Sally wrote
Even if the DOIs were working as advertised, what would it take to get to the point where we could supplement 'Syst. Bot. 28(2): 401 (2003).' with "doi:10.1600/0363-6445(2003)028[0387:PORLFR]2.0.CO;2" ?
This example is actually quite close to being doable programmatically. 'Syst. Bot.' is a standardised publication abbreviation in IPNI, and the collation is in a standard form too, so if we had a source of DOIs tied to articles in Syst. Bot. we could imagine writing a routine to programmatically import the relevant DOI into the IPNI record.
CrossRef provide an interface to extract DOIs (see http://iphylo.blogspot.com/2006/05/crossrefs-openurl-resolver.html for an example). There's also a web form that you can use top play around with: http://www.crossref.org/guestquery/.

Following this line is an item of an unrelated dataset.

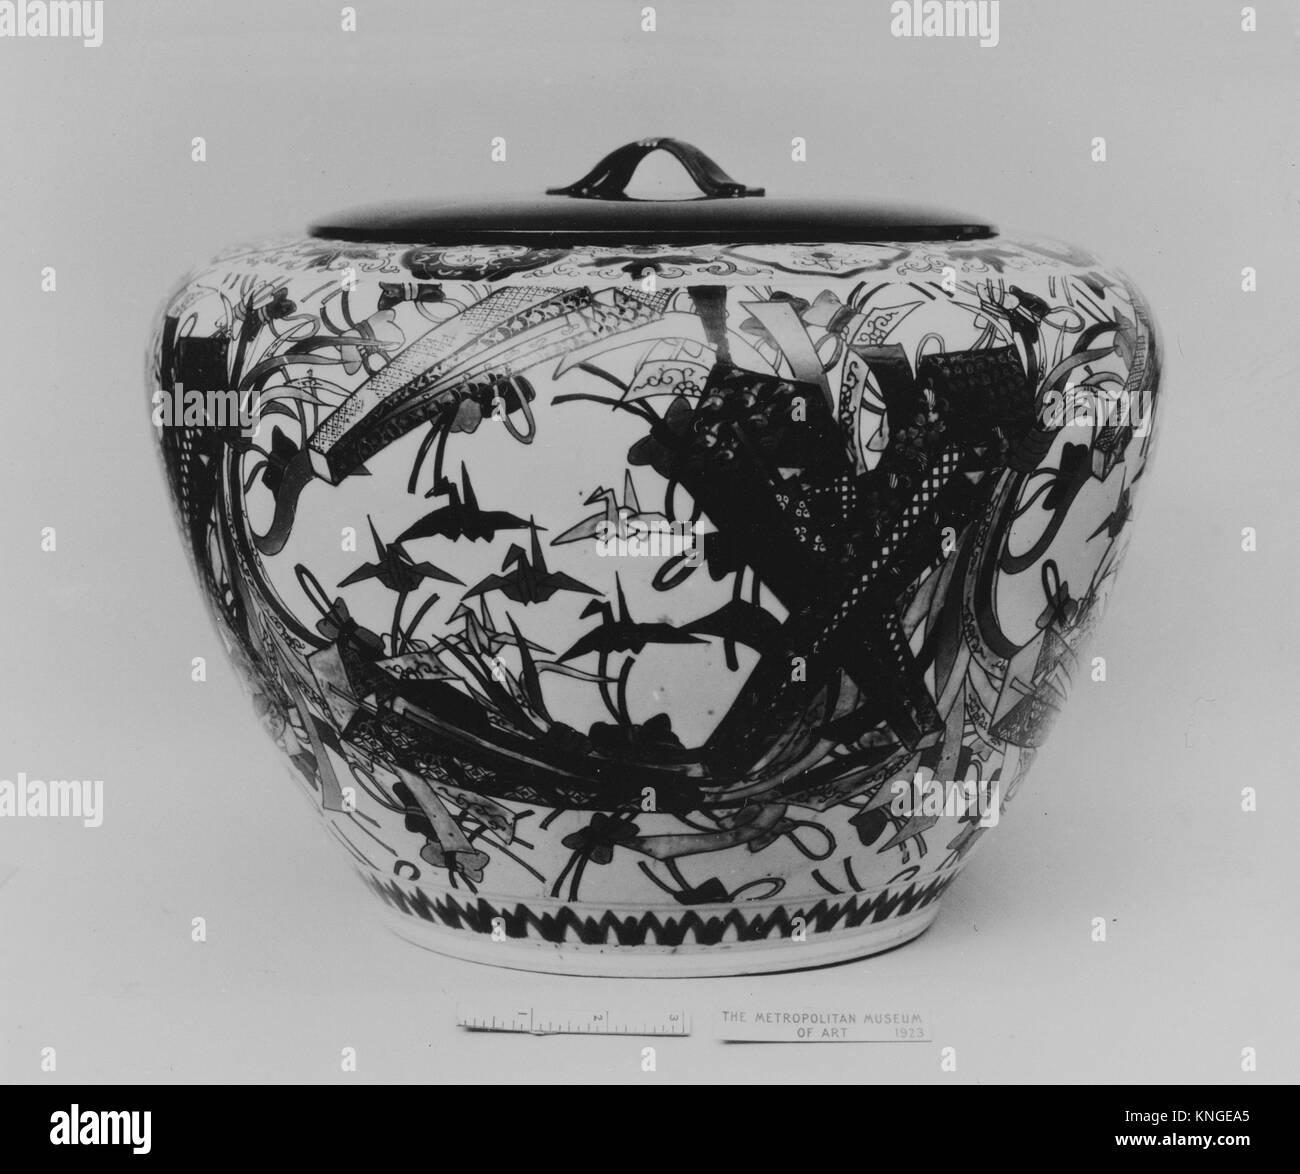 datation Imari porcelaine matchmaking en ligne gratuit en hindi

We're chugging away with standardisation in IPNI and we're doing updates at the moment that are cleaning up aspects of 10,000, 15,000, up to 50,000 records at a time. But there are 1.5 million records to do and we can still find (just from within Poissonia) citations like 'Adansonia, ix. (1870) 295. ' or 'Bol. Mus. Hist. Nat. Tucuman no. 6: 8. 1925 Hauman, in Kew Bull. 1925: 279. 1925 ' which look much less tractable
Hard work. There is a small literature on citation matching which may be relevant, e.g: http://citeseer.ist.psu.edu/pasula02identity.html and http://citeseer.ist.psu.edu/lawrence99autonomous.html.
60% of publications are not standardised in IPNI, and of the standardised ones many of them predate DOIs (are there any moves among journals to retrofit DOIs to older series?)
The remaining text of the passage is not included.